In a climate of scarce resources, valid questions about where the money is spent also arise. Rather than fund the salary of a coaching figurehead at each club to address the deficit highlighted by Clarke’s statistic, the FAI earlier this year chose to recruit 12 in-house high-performance coaches to cover seven regions nationwide.

The job spec read: “To solely focus on the development of elite players, coach education, and support of elite coaches in their region, progressing to the national teams and working in conjunction with the national league clubs and leagues.” As ever, the strategy proved divisive.

“It will be easier to get a united Ireland than have Irish football united,” added Caffrey about the squabbles. “We’ve all got a responsibility.
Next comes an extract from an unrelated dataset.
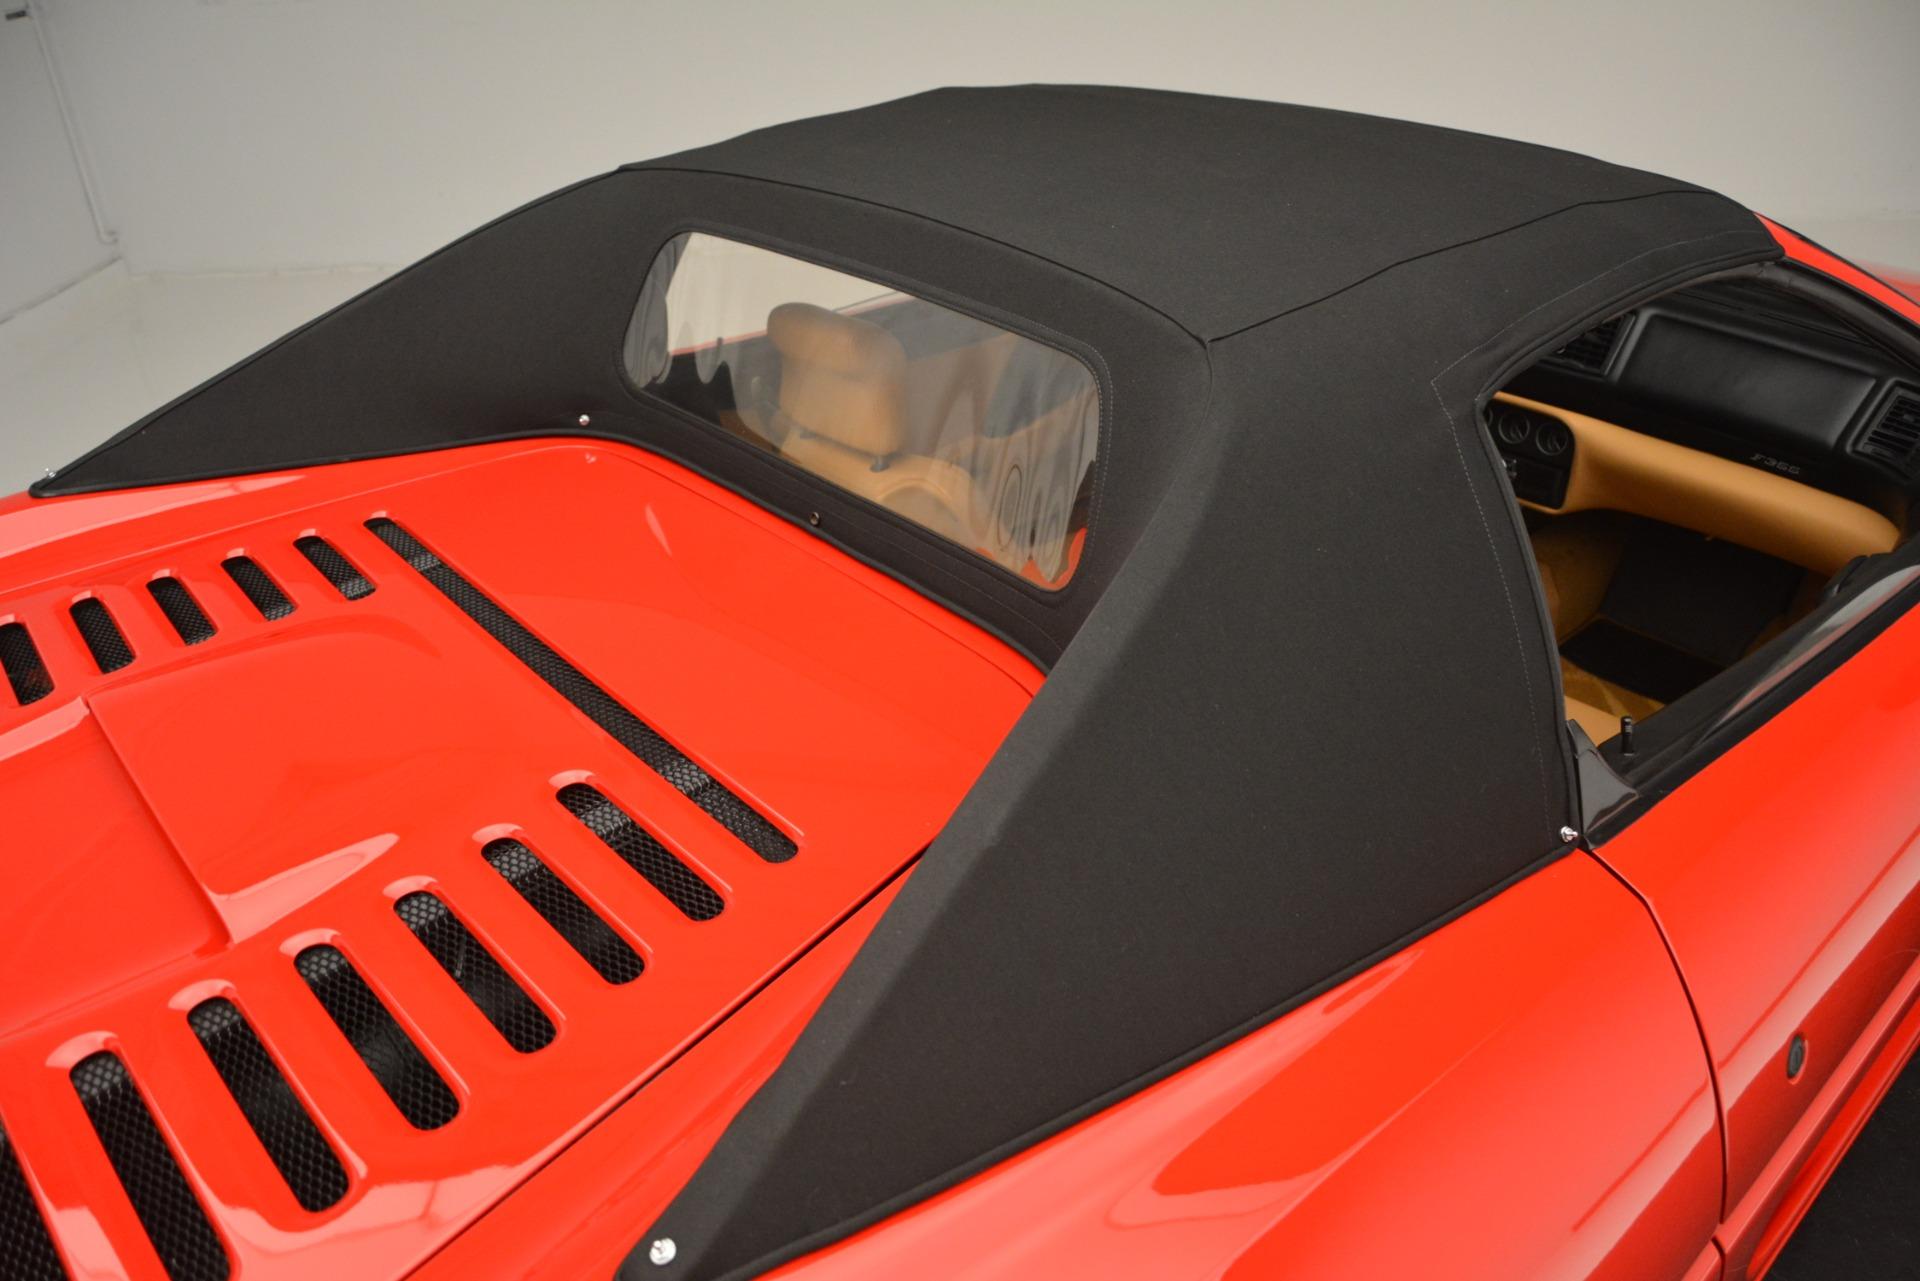 Used 1997 Ferrari 355 Spider 6-Speed Manual For Sale In Westport, CT 2735_p25

Something has to be done because it isn’t working.”

Travel allowances a virtual perk for SFAI legislators

Did you hear the one about the football officials being paid travel allowance without leaving their houses?

It has emerged that legislators from the Schoolboys FAI received a €40 allowance for each virtual call they participated in during the pandemic.

Payments for travel and subsistence are commonplace across all sporting organisations, especially for centralised gatherings of personnel based across all corners of the country.

Restrictions on mobility and the gathering of people indoors over the last 18 months sent these essential forums into the virtual world, allowing delegates from leagues to log in from their devices.

Payments continued to be made despite this change but the hierarchy of the SFAI — which now encompasses the girls’ underage sector — have requested that these monies be returned upon the advice of their financial consultants.

The largest affiliate under the FAI’s auspices had in recent years made a settlement with the Revenue Commissioners following a voluntary disclosure over honoraria.

The era of remote meetings may be over after the relaxation of restrictions in tandem with the vaccination rollout. The FAI is about to kick off a blitz of “townhall meetings” with constituents, geared to invite feedback on the strategic plan for 2022-2015.

Peas coming to the boil for league title run-in

Peamount United require a maximum of eight points from their final four games to rack up a third successive Women’s National League title.

James O’Callaghan’s side begin their run-in on Sunday at Athlone Town, followed by meetings with Cork City and DLR Waves before they conclude on November 13 against Galway United.

That their nearest rivals, Shelbourne and Wexford, meet on that final day means a fewer haul of points will likely suffice to guarantee Champions League qualification again.

Ireland’s champions-elect, though, won’t be cementing their season with a double after the FAI Cup holders were knocked out at the semi-final stage by Wexford Youths last weekend.

Peamount ended a decade-long wait for the Blue Riband last year by swatting aside Cork City in the final.

Captain Kylie Murphy led the charge in Wexford’s extra-time victory, scoring either side of Áine O’Gorman’s equaliser. Lynn-Marie Grant added the third from Ellen Molloy’s assist.

Wexford will have to get past Noel King’s Shelbourne in the final.

The decider has been switched out of the Aviva Stadium to Tallaght for a second season running and will be played to a finish on Sunday, November 21.